Again, draw up on the loop and down on the rein keeping your shoulders square and the weight equal on both seat bones. Now bring your right hand to your hip allowing your elbow to go out to the side. As you do this you will bring your horse’s head around to the right. Let your shoulders turn slightly to the right and allow the outside knee to drop down while your feet remain underneath you supporting your body weight. Your knee dropping down will serve to stop the outside shoulder from moving provided you simply let the knee drop down. Notice how the horse responds to your one-rein stop. Then for clarity, go back to your old way of doing a one-rein stop. Notice the difference in the horse’s ability to respond and the amount of effort you have to put into completing the exercise. Go back and forth a few times between the old way and the new way until you are clear about what the difference is. Let the horse help you make the decision.

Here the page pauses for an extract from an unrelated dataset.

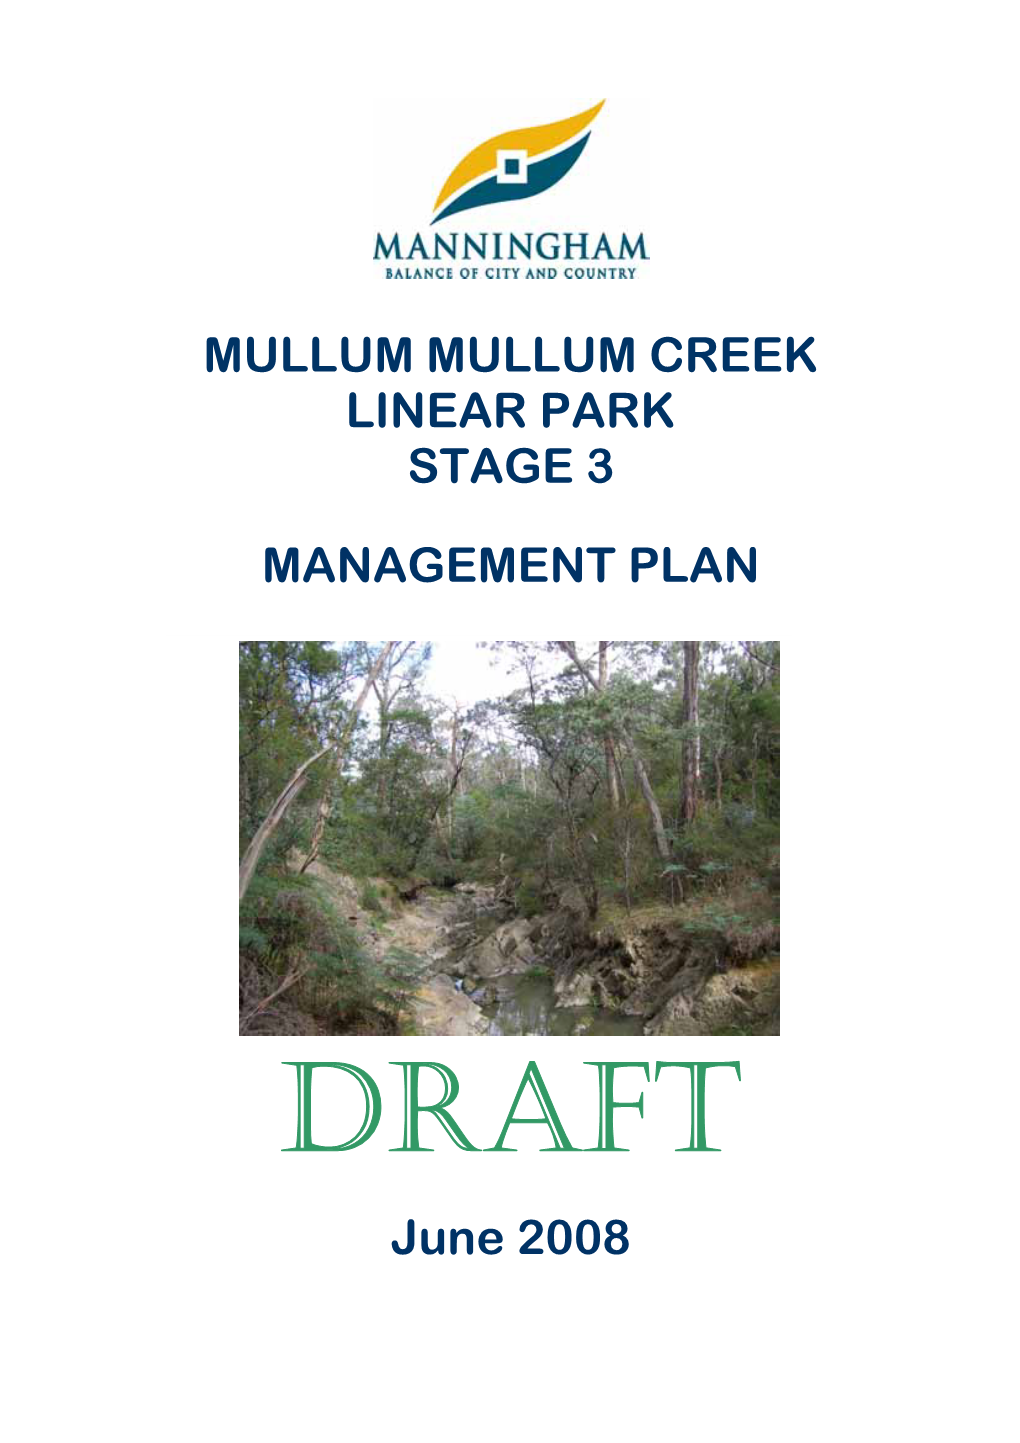 Mullum Mullum Creek Linear Park Management Plan 2008

Once you have developed this new habit pattern in your body off the ground and at a stand still, it is time to put it in motion. Begin practicing slowly at walk and then trot. At first you will find that you are placing all your attention on what you are doing with your own body and not paying very much attention to what the horse is doing. This is only temporary while you are developing the new habit pattern. As you become more familiar with using your body without slumping, twisting or dropping off to one side, you will not have to give so much of your attention to yourself and you will be able to focus more on what the horse is doing. Don’t be surprised if your horse is performing one-rein stops much better when you are focusing on yourself. As you improve your balance and alignment it makes it much easier for the horse to do his part well.
The next time you watch someone do a one-rein stop notice if they are staying in the middle of their horse, making the horse’s job easier, or if they are sliding off to one side. Watch how the horse has to compensate for the rider’s weight shifting off center. Perhaps you will understand why the task appears difficult for the young horse who is just learning where their balance is and how to move their feet.